Extracted records:
────────────────────

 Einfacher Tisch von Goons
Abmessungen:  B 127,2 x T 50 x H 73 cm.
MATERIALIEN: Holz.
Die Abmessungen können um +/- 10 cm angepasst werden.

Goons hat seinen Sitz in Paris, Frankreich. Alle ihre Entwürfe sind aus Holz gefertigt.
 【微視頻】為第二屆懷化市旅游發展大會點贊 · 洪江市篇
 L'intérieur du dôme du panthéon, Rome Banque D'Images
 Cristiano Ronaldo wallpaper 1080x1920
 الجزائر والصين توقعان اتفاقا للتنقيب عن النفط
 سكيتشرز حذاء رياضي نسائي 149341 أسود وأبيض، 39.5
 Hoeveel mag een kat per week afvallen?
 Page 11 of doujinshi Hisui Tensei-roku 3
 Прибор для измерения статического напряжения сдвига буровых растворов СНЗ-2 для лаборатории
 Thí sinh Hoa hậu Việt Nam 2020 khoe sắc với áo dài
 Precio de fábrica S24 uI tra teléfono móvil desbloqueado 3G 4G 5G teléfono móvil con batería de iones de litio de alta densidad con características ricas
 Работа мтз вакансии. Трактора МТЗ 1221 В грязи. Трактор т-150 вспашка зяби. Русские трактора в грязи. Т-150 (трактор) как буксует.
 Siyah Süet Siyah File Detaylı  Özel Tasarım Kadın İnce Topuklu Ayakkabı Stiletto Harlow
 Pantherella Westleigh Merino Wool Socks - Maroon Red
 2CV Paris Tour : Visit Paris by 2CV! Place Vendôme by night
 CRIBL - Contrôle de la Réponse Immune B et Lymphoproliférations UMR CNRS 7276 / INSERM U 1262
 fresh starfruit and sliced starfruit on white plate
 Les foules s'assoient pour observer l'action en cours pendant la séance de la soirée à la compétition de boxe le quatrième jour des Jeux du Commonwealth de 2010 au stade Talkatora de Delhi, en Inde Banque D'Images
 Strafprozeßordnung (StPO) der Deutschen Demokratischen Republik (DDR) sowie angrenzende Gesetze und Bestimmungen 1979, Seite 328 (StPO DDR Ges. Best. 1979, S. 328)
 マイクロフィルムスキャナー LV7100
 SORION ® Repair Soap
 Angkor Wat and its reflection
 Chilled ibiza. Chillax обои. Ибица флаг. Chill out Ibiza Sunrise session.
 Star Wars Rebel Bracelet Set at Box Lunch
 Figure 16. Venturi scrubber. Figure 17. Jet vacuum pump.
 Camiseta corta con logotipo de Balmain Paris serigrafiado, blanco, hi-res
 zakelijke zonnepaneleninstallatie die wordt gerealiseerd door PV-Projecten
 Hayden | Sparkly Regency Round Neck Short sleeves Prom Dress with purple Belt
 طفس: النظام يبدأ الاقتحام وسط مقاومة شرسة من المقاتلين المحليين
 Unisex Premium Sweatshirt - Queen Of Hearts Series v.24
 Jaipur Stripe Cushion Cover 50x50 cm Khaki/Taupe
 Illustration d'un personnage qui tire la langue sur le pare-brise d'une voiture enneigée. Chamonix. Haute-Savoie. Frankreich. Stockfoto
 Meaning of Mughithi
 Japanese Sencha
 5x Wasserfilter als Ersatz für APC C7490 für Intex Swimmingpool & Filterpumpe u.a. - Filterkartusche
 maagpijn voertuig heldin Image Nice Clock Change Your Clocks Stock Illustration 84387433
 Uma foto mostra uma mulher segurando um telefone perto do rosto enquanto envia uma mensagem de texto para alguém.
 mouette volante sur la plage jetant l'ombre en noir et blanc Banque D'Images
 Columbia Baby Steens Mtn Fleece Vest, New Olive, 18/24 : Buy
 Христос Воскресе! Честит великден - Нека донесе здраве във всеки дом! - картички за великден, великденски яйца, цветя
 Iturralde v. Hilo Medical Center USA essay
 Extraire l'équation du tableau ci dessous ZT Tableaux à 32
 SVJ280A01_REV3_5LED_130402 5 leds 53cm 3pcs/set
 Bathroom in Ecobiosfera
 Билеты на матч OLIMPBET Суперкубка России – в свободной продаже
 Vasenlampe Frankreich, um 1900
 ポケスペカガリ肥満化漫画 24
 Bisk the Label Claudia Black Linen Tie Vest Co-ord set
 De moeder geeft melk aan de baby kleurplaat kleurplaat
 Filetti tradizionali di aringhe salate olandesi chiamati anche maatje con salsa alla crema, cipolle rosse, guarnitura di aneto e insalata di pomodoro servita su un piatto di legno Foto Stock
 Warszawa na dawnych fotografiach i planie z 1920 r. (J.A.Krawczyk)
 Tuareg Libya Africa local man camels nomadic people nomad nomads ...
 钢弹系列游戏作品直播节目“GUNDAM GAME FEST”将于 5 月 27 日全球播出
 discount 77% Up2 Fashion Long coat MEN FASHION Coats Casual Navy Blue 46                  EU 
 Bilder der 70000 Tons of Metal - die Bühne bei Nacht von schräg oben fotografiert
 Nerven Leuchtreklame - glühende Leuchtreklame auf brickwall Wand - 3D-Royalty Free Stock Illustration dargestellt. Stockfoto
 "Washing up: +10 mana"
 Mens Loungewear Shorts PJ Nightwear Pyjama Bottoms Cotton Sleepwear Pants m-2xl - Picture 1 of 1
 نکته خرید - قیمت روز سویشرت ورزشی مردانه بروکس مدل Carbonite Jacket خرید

────────────────────

ACTION ITEM: Give an exact copy of the lines from the one with "Vasenlampe Frankreich, um 1900" through the end of the entries, both ends included.

SOLUTION FOR THIS PROBLEM:
 Vasenlampe Frankreich, um 1900
 ポケスペカガリ肥満化漫画 24
 Bisk the Label Claudia Black Linen Tie Vest Co-ord set
 De moeder geeft melk aan de baby kleurplaat kleurplaat
 Filetti tradizionali di aringhe salate olandesi chiamati anche maatje con salsa alla crema, cipolle rosse, guarnitura di aneto e insalata di pomodoro servita su un piatto di legno Foto Stock
 Warszawa na dawnych fotografiach i planie z 1920 r. (J.A.Krawczyk)
 Tuareg Libya Africa local man camels nomadic people nomad nomads ...
 钢弹系列游戏作品直播节目“GUNDAM GAME FEST”将于 5 月 27 日全球播出
 discount 77% Up2 Fashion Long coat MEN FASHION Coats Casual Navy Blue 46                  EU 
 Bilder der 70000 Tons of Metal - die Bühne bei Nacht von schräg oben fotografiert
 Nerven Leuchtreklame - glühende Leuchtreklame auf brickwall Wand - 3D-Royalty Free Stock Illustration dargestellt. Stockfoto
 "Washing up: +10 mana"
 Mens Loungewear Shorts PJ Nightwear Pyjama Bottoms Cotton Sleepwear Pants m-2xl - Picture 1 of 1
 نکته خرید - قیمت روز سویشرت ورزشی مردانه بروکس مدل Carbonite Jacket خرید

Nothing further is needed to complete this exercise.